Our study was preliminary but has shed new light on the spatial and temporal patterns of soil physicochemical responses to human and pig cadaver decomposition in an Australian environment. We were able to show that all markers of soil chemistry changed most strongly directly under the cadavers, with limited lateral spread, and that these changes were present for approximately 700 days. However, we also identified potential differences in human and pig decomposition processes at the soil interface leading to greater soil phosphorus levels under pigs.
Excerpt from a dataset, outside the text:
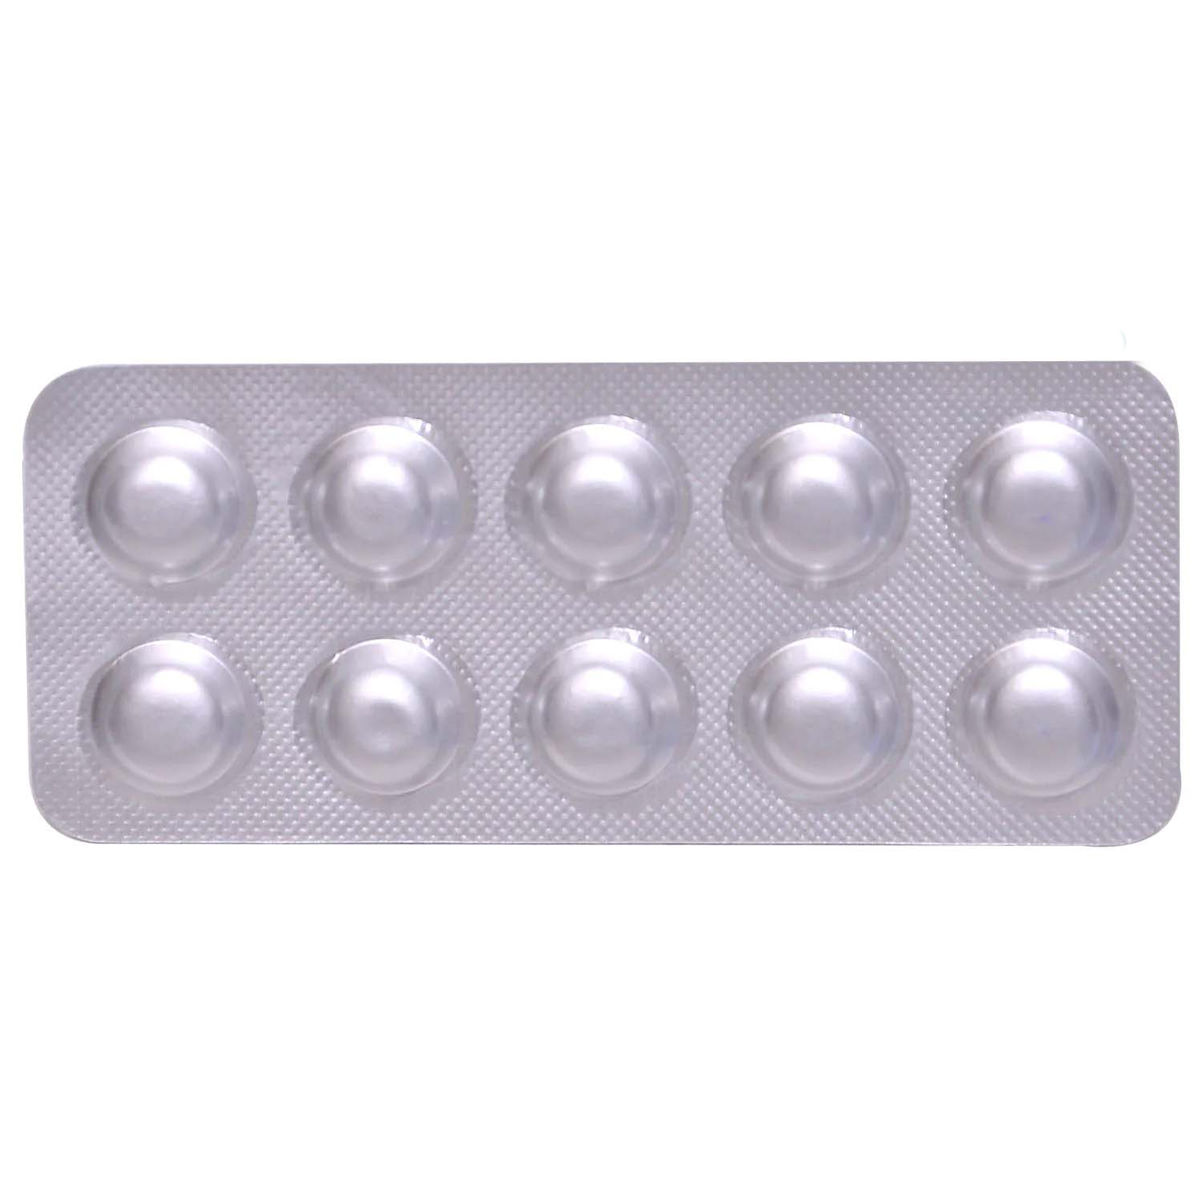 TACTILE AM TABLET, Pack of 10 TABLETS

Our study was constrained by the lack of replication of cadavers of similar decomposition age, and we could not apply statistical methods or quantify variation in soil properties. Regardless, given the growing interest in potential decomposition and entomological differences between humans and pigs [16, 18, 25], our study further underscores the question of whether the carcasses of non-human animals are reliable analogues for human bodies. Further research is needed to address this important problem, and requires a multidisciplinary, replicated, and experimental approach.

Key points

  1. 1.

    Soil physicochemical properties under decomposing human and pig cadavers were examined.

  2. 2.

    Soil moisture, electrical conductivity, and concentrations of nitrate, ammonium, and orthophosphate were higher directly under cadavers compared with controls outside the visible decomposition island.

  3. 3.

    Evidence of elevated soil nutrients lasted up to 700 days.

  4. 4.

    Soil phosphorus was higher under pigs than humans, suggesting a possible difference in the decomposition processes under these two cadaver types.